Executing a Proper Bent Over Dumbbell Row for Optimum Results
Quite often people who work at developing their bodies with strength in mind will opt to focus on their backside first. The reason for this is primarily due to an abundance of back issues flowing through the human race, most likely as a result of a sedentary lifestyle, with the plethora of “desk jobs” now in the work force.
When a person sits at a desk all day, it can easily lead to back, shoulder, and neck pain, as well as poor posture. A way to combat the negative impact of a desk job would be to strengthen the back muscles. And a suitable exercise to help to strengthen back muscles is the bent over dumbbell row (BODR).
Before addressing the proper steps in executing a BODR, let’s take a look at the muscles that are most targeted…
Targeted Muscles with BODR’s
If done correctly, bent over dumbbell rows will primarily target the latissimus dorsi (the sides of your back), middle trapezius and rhomboids (shoulder blade area), biceps brachii (front upper arm), and erector spinae (the 8 muscles running from the pelvis to the skull).
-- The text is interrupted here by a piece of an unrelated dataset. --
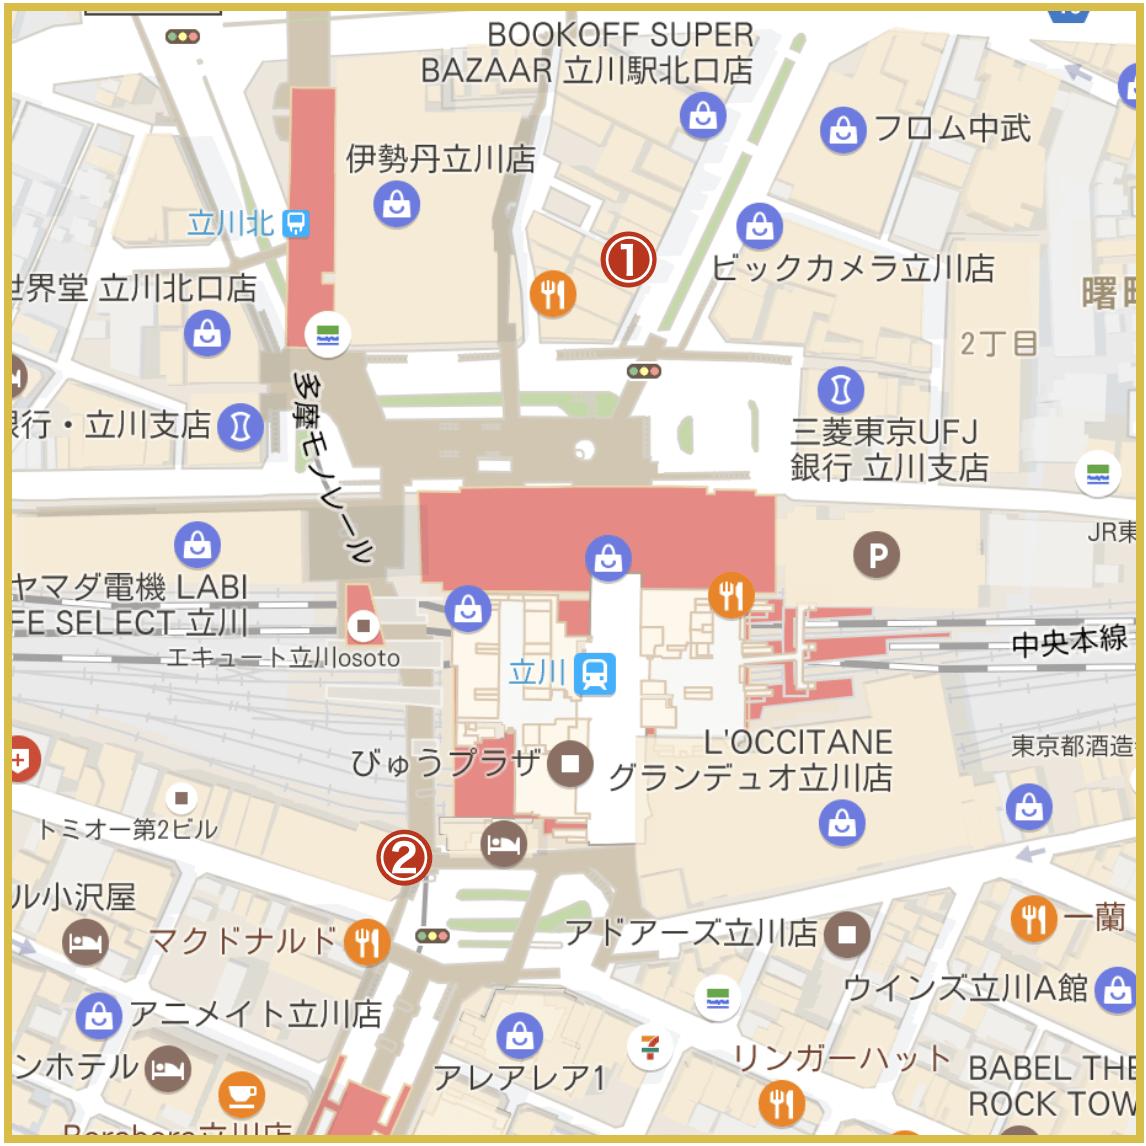 立川駅周辺にあるアコム店舗・ATMの位置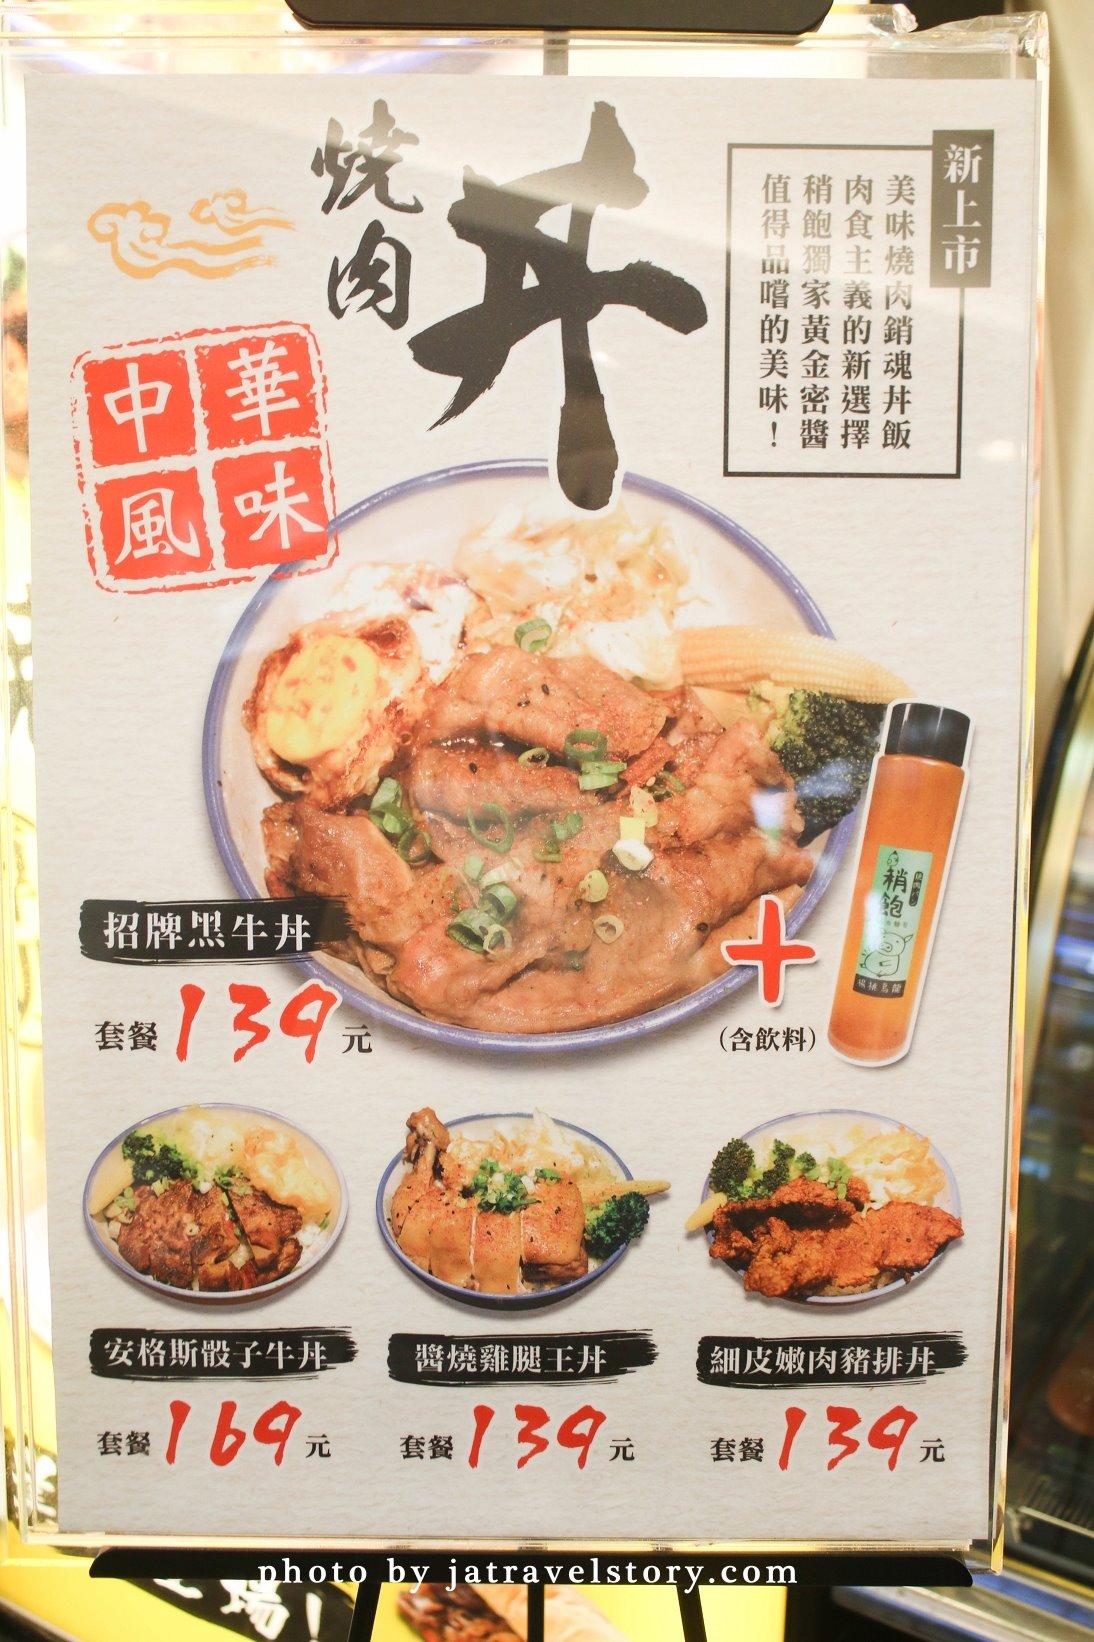 稍飽燒肉廚房 燒肉麵包-鹹香燒肉丼110元起!【台北車站】 @J&A的旅行

Each of these areas will help counter abuse of the back, shoulder, and neck that typically arise from sitting for long periods of time. When these muscle groups are strengthened, they will help support your upper body during the sedentary periods by helping to improve posture and decrease painful conditions.
So, now for the proper technique…
Proper Stance and Positioning
Not only is the movement important, but so is an appropriate stance and set up before starting the exercise. Take a look at how you begin:
Leg Position – your stance (leg position) should remain at shoulder width apart, as a general rule. At that width, it will provide you more balance as you go through the motions.
Body Position – Your head, hip, and head should all be at a 90° angle. You can get this angle by bending your knees, while pushing the hips backward as if your buttocks are heading for an object (such as a wall) behind you. This will instinctively make your back drop to a proper angle, as your hips hinge backward to the wall as well. Just make sure to keep your chest from dropping. Key thought here is if you have a logo on your shirt, it should be visible to someone standing in front of you.
Hand Position – Your palms should face each other in your grip of the dumbbells.
Head Position – Your chin should be tucked in toward your chest, so that your neck will not be bent backward.
Arm Position – With a dumbbell gripped in each hand, keep your arm (the one you are working) straight and aligned with your shoulder. Some tension in the shoulder blade is normal and recommended.
Now that you are in the correct position, you need to know how to move from there…
The Correct Movement of a BODR
After finding the proper starting position, you should initiate your next move by pulling (or rowing) the elbow backward to your side, without completely tucking your elbow into the side. Keep the 90° angle by not curling the dumbbell. While you are pulling the dumbbell backward you should also be contracting (or squeezing) the shoulder blades. Once your arm is aligned with the body, stop pulling backward.
Next, you will need to reverse the above movement by allowing the arms to straighten again and align with the shoulders. All movement should be a controlled, fluid, and slow motion. Also, remember to keep the shoulder blades contracted. You can repeat this process for however many repetitions that your physical therapist or trainer recommends. Just remember, if it feels like it’s too much, it probably is.
The BODR is an effective yet simple exercise in gaining strength in your back muscles. And, the weight of the dumbbell can adjust as you gain strength, making this an exercise to consider for long term.